Nach dem Attentat in Sousse hat die tunesische Regierung erste Festnahmen bekannt gegeben. Derweil fordert der britische Premier David Cameron ein Ende der Toleranz gegenüber islamistischen Einstellungen.

Polizisten bewachen das Imperial Marhaba Hotel während des Besuchs von Regierungsvertretern aus Europa.
Legende: Tunesische Polizisten bewachen das Imperial Marhaba Hotel während des Besuchs von europäischen Regierungsvertretern. Keystone

Nach dem Anschlag auf ein Strandhotel in Tunesien mit 38 Toten hat die tunesische Regierung erste Festnahmen vermeldet. Eine «erste Gruppe» sei gefasst worden, sagte der tunesische Innenminister Najem Gharsalli.

Es handle sich dabei um «eine bedeutende Anzahl von Menschen aus dem Netzwerk», das hinter dem Täter gestanden habe, sagte Gharsalli bei einer gemeinsamen Medienkonferenz mit seinen Amtskollegen aus Deutschland, Frankreich und Grossbritannien.

«Kein Kampf zwischen Islam und dem Westen»

Während sich Tunesien um eine Aufklärung des Attentats bemüht, fand der britische Premierminister klare Worte angesichts der terroristischen Bedrohung: «Wir müssen stärker sein beim Eintreten für unsere Werte – des Friedens, der Demokratie, Toleranz und Freiheit», schrieb der Premier in einem Beitrag für die Zeitung «Daily Telegraph».

Ausserdem müsse der Westen «intoleranter gegenüber Intoleranz» sein und dürfe das Dulden islamistischer Einstellungen nicht hinnehmen, schrieb Cameron.

Der britische Premier rief ausserdem dazu auf, die Wurzeln des IS in Syrien, im Irak und Libyen zu bekämpfen, von wo aus die Dschihadistenorganisation ihren «Todeskult» verbreite.

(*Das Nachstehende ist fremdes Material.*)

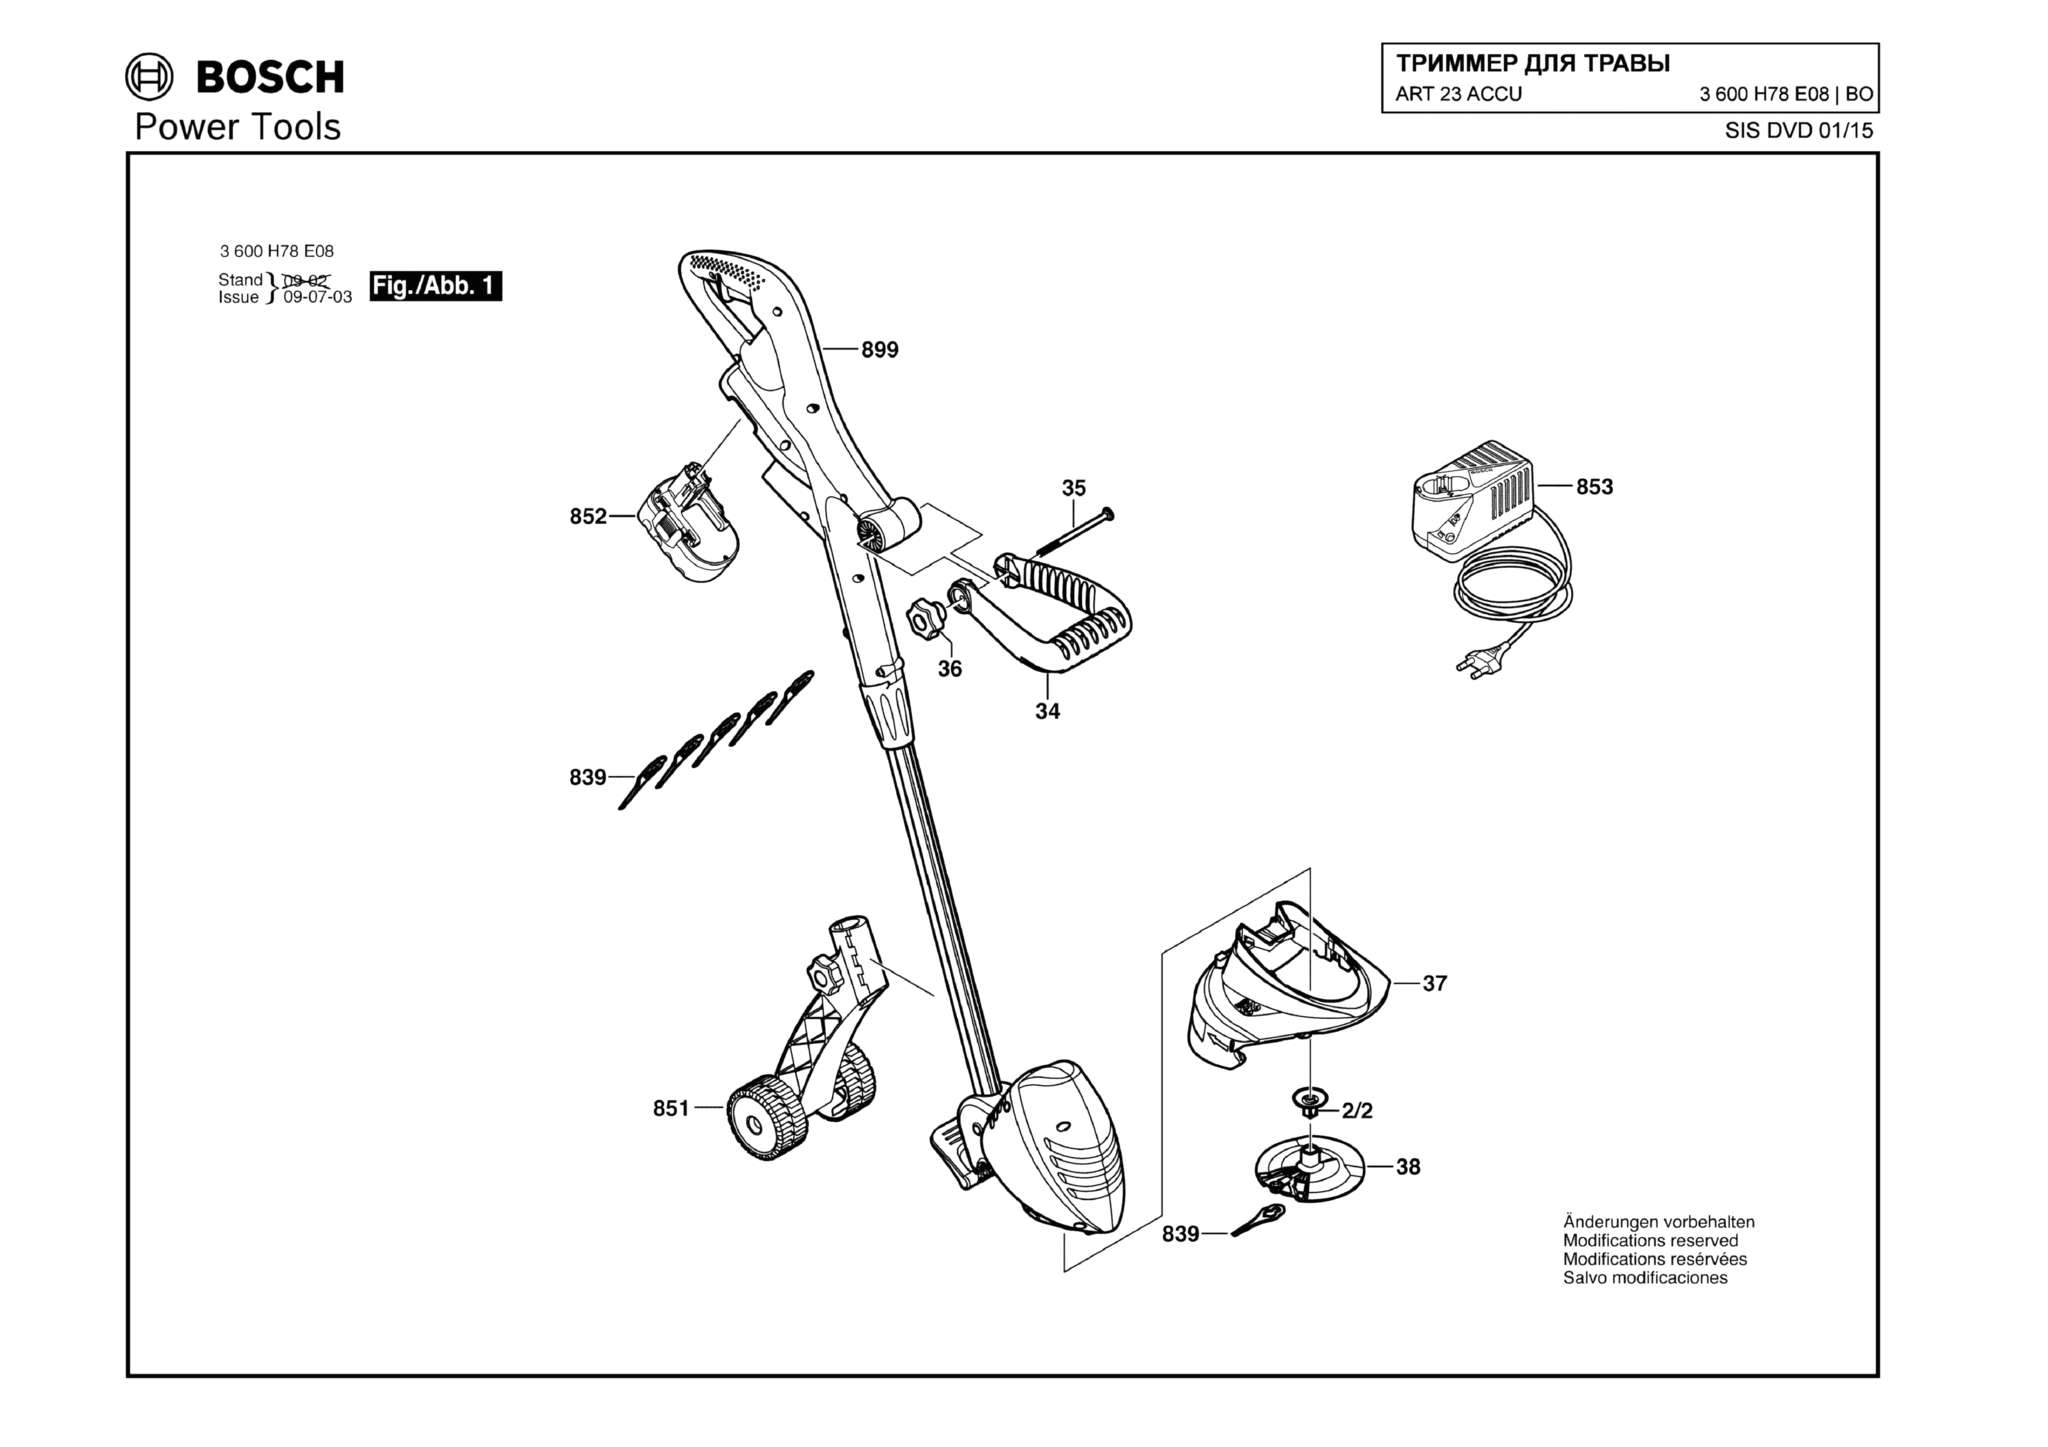 Запчасти, схема и деталировка Bosch ART 23 ACCU (ТИП 3600H78E08)

Anders als der IS glauben machen wolle, gebe es keinen Kampf zwischen dem Islam und dem Westen. Die Fronten verliefen vielmehr «zwischen den Extremisten, die Hass säen wollen, und dem Rest der Welt, der in Freiheit gedeihen will», so der britische Regierungschef.

Zweites deutsches Opfer identifiziert

Von den insgesamt 39 Todesopfern stammt die Mehrheit aus Grossbritannien. Die Regierung in London sprach von mindestens 15 getöteten Briten, die tunesischen Behörden gaben ihre Zahl später mit mindestens 16 an.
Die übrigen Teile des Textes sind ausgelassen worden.